As a non-limiting example, determining that the requestor is
authorized to access the at least an encrypted data record further
comprises matching the unique key to the digital signature
associated with the requestor; and determining, as a function of
the matching, that the requestor is authorized to access the at
least an encrypted data record, for instance as described above in
reference to FIGS. 1-5.
[0092] At step 625, and with continued reference to FIG. 6, at
least a computing device decrypts the at least an encrypted data
record based on the determination that the requestor is authorized
to access the data record; this may be implemented, without
limitation, as described above in reference to FIGS. 1-5.
[0093] At step 630, and still referring to FIG. 6, at least a
computing device calculates a talent and risk calculation score,
which may be implemented as described above in reference to FIGS.
1-5; talent and risk calculation score is a score as defined above
that assesses talent and/or risk regarding a subject person.

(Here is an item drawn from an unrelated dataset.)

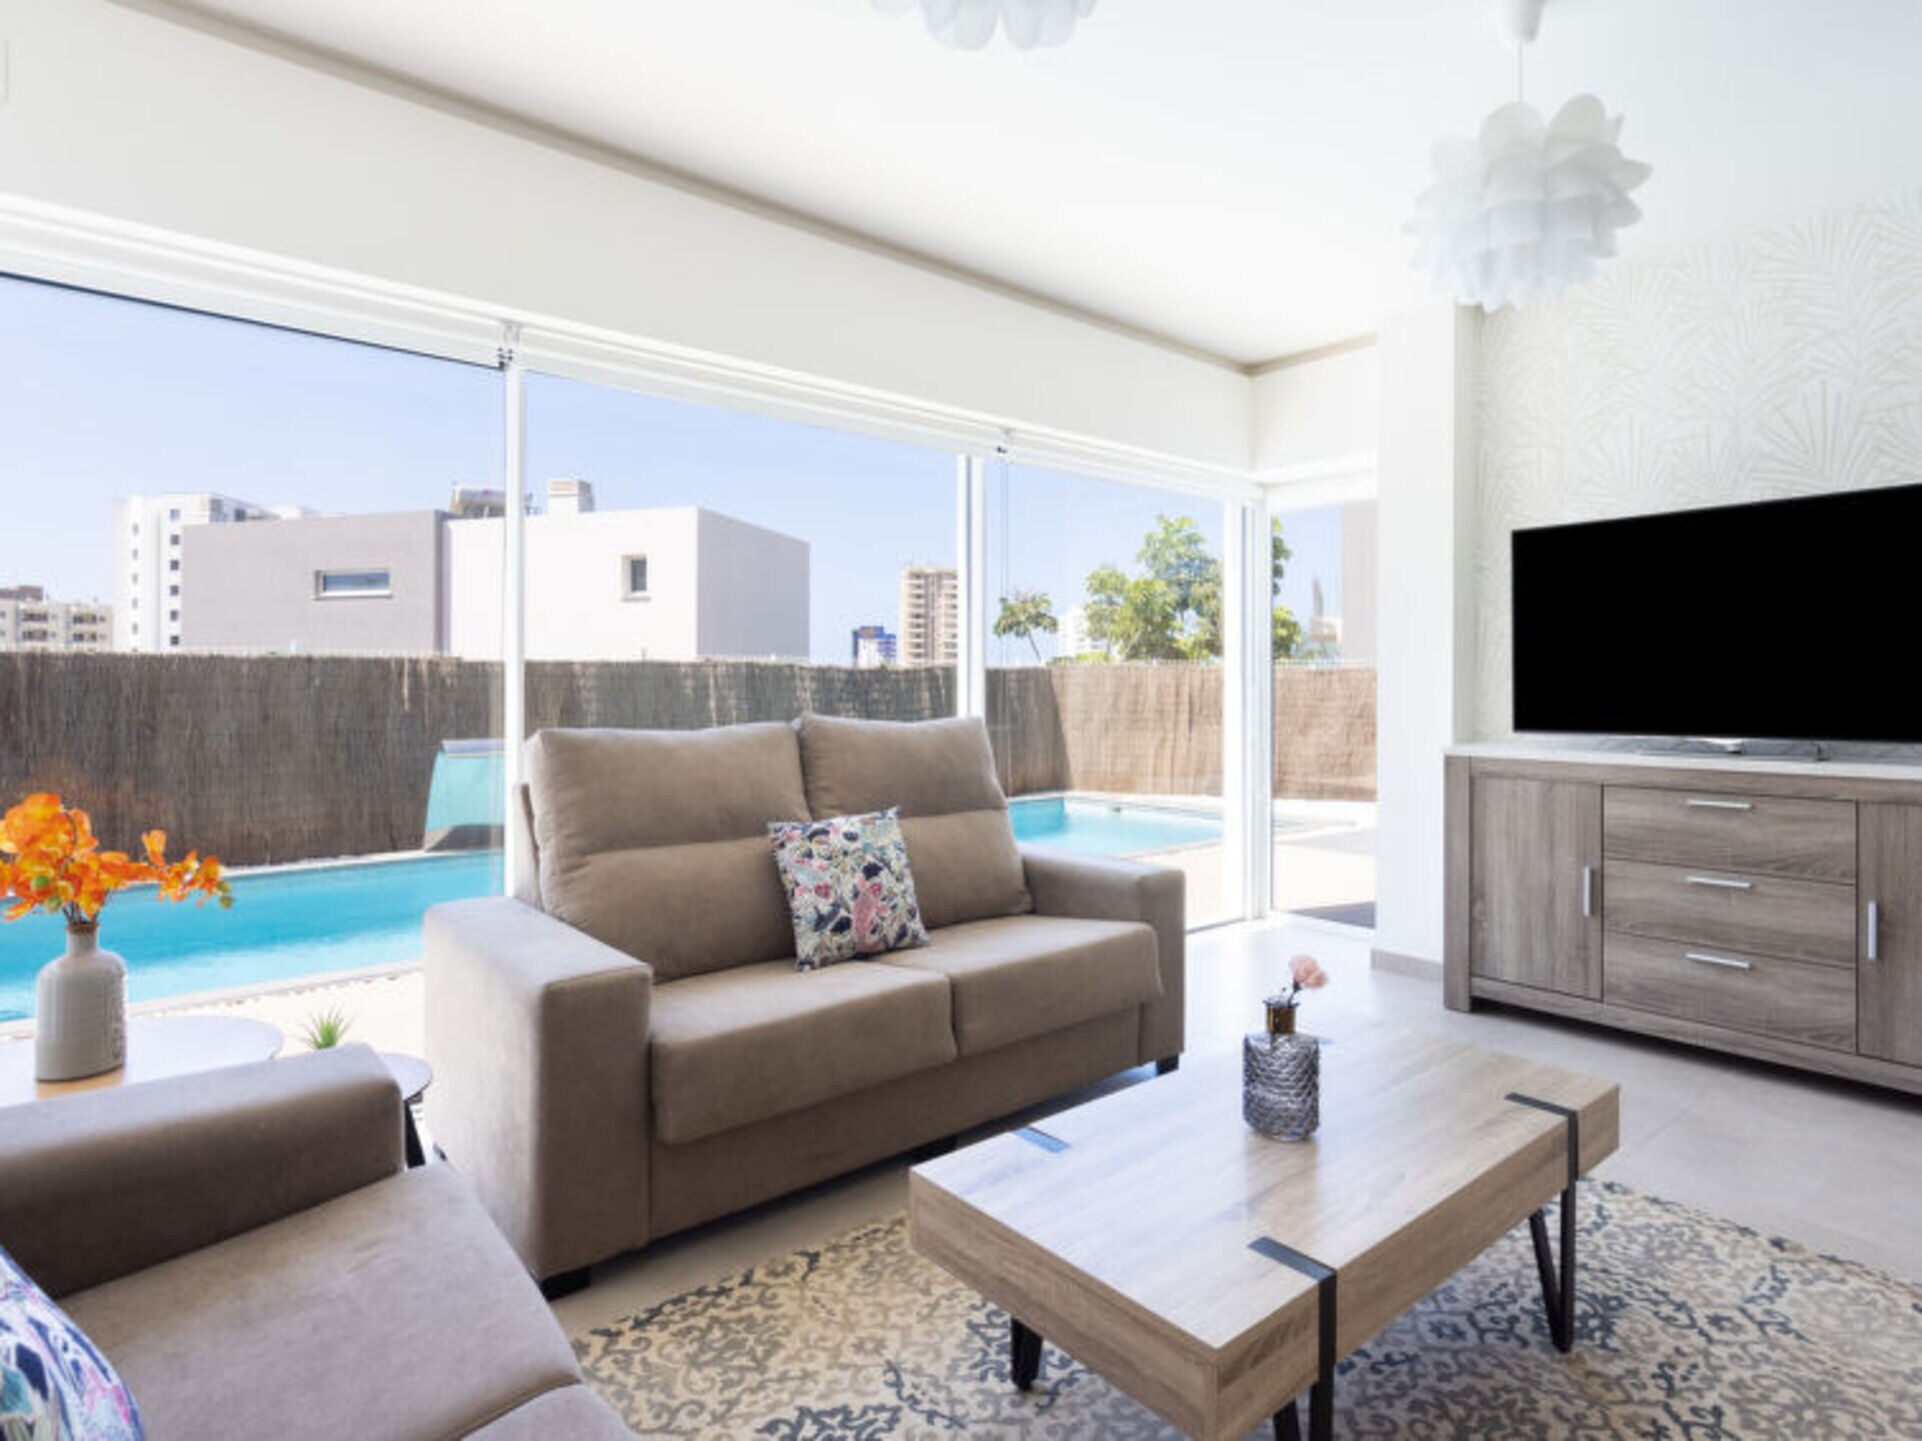 Property Image 2 - Rent Your Own Luxury Villa with 3 Bedrooms, Tenerife Villa 1010

Calculating talent and risk calculation score may include without
limitation determining, as a function of the decrypted data record,
a plurality of numerical scores representing attributes of a
subject person, who may be the requestor and/or a person about whom
the requestor is requesting information; this may be implemented,
without limitation, as described above in reference to FIGS. 1-5.
Determining the plurality of numerical scores may include
determining the plurality of numerical scores from entries provided
by requestor and/or subject person; such entries may be included in
decrypted data record, for instance as described above in reference
to FIGS. 1-5. Alternatively or additionally, determining the
plurality of numerical scores may include transmitting, to at least
a third-party validator device of stored requestor information, a
validation request, receiving, from the at least a third-party
validator device, a validation record including a third-party
digital signature validating the at least an encrypted data record,
and determining the plurality of scores from the validation record;
this may be implemented, without limitation, as described above in
reference to FIGS. 1-5. At least a computing device may
authenticate third-party digital signature. At least a computing
device may validate the at least an encrypted data record as a
function of the validation record. Authenticating the third-party
digital signature may include comparing the third-party digital
signature to a third-party biometric identifier. Calculating talent
and risk calculation score may include multiplying each numerical
score of the plurality of numerical scores by an attribute weight
associated with the respective attribute of the numerical score;
this may be implemented, without limitation, as described above in
reference to FIGS. 1-5. Calculating talent and risk calculation
score may include calculating the talent and risk score using the
attributes multiplied by the attribute weights; this may be
implemented, without limitation, as described above in reference to
FIGS. 1-5, for instance by summing weighted attributes.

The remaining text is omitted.